再說汪俠與陳倩去廁所解手。
陳倩腦子裡一直想著金鳳這個名字。
她忍了又忍,終於在蹲完坑,提起褲子走出茅房,問道“嫂子,那個金鳳是誰?她今年有多大?”
嚴英家的茅廁緊挨著豬圈,就在大丫家的小樹林邊上。
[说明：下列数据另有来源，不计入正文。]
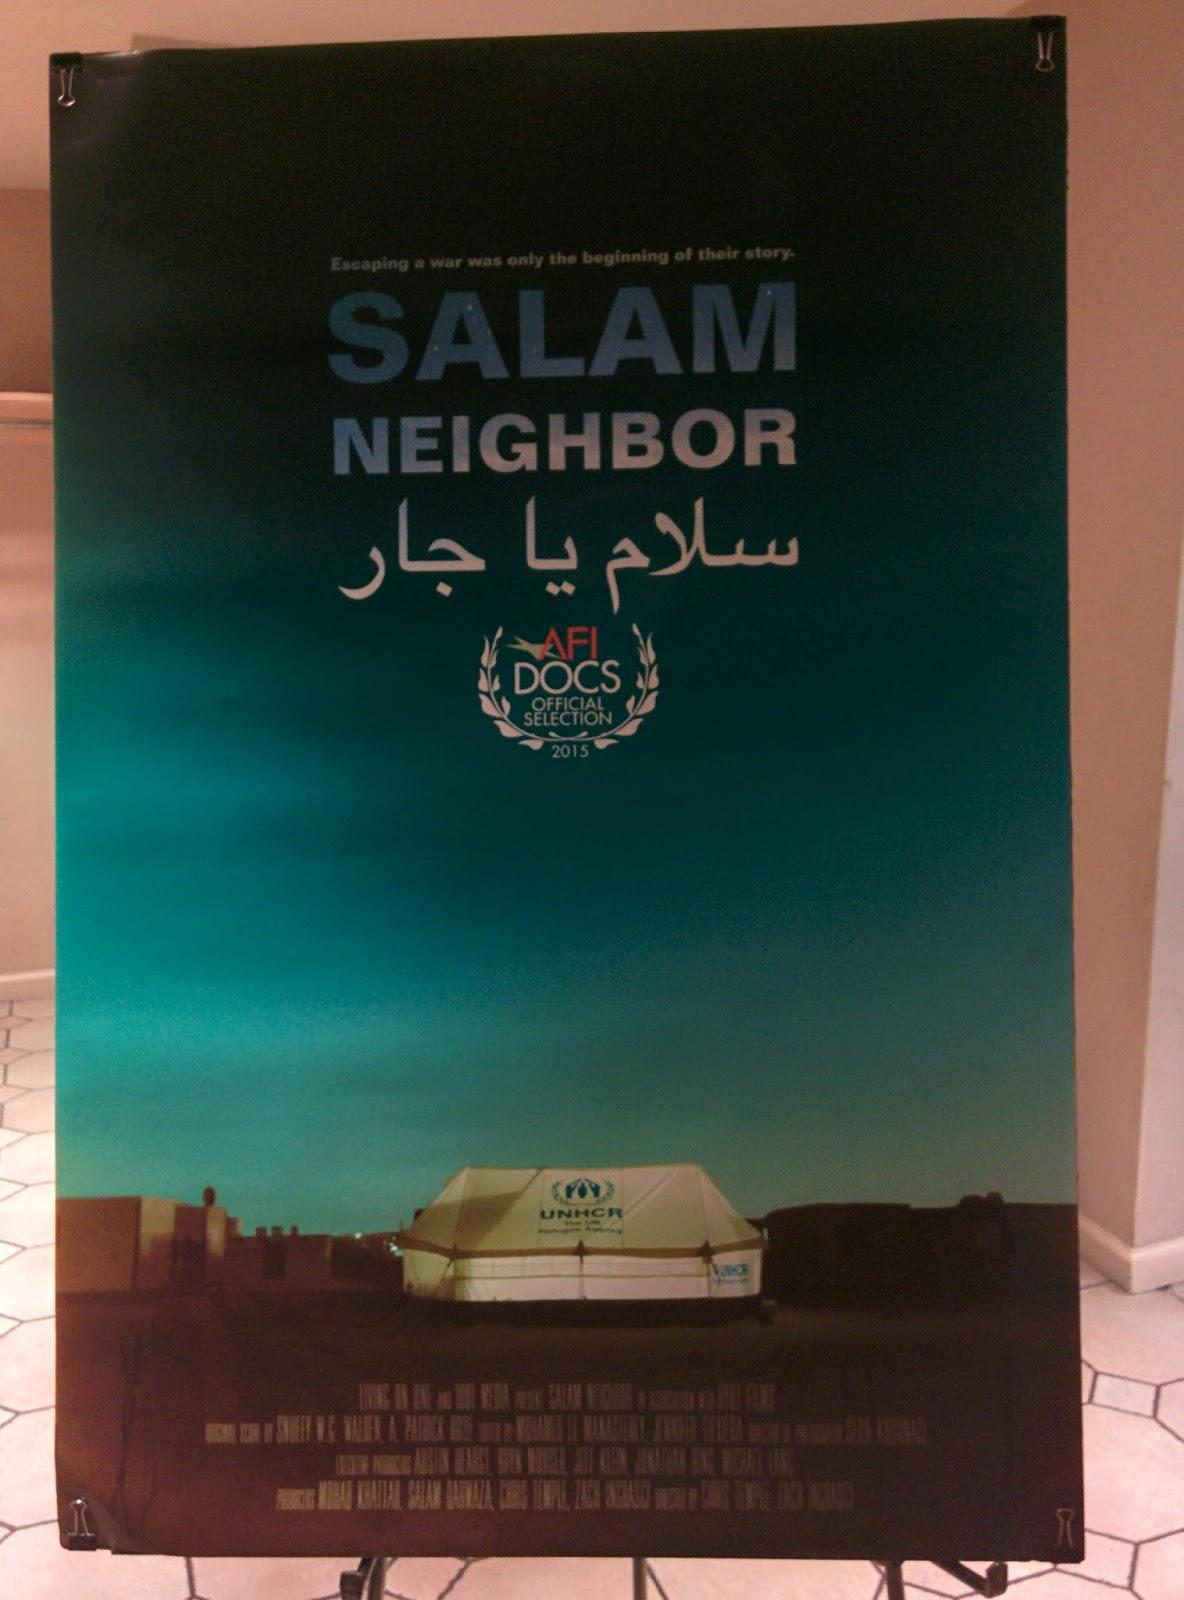 Salam Neighbor 2015

也是在嚴英家院門口的前邊,隔著門口的路。
廁所的臭味讓陳倩禁不住捂住口鼻。
汪俠上廁所有點急,來不及回答陳倩的話,忙解開褲腰帶,蹲起坑來。
排出有些攢急的大號,才忍著臭味與躁熱回答陳倩的問話。
她用手中小雙給的廁紙,也就是從寫過字的作業本上撕下來的紙張,對著自己的臉使勁兒扇著風,說“你問金鳳是誰啊?她是大雙二爺爺家的大孫女。
她爺爺和大雙的爺爺是一母胞兄弟。
大雙爺爺老弟兄三個,金鳳爺爺是老二,大雙爺爺是老三。
金鳳爺奶都在今年年頭裡死的,我們家做為嚴英的娘家,自然是要來燒紙的一個在放暑假時期,就快開學了。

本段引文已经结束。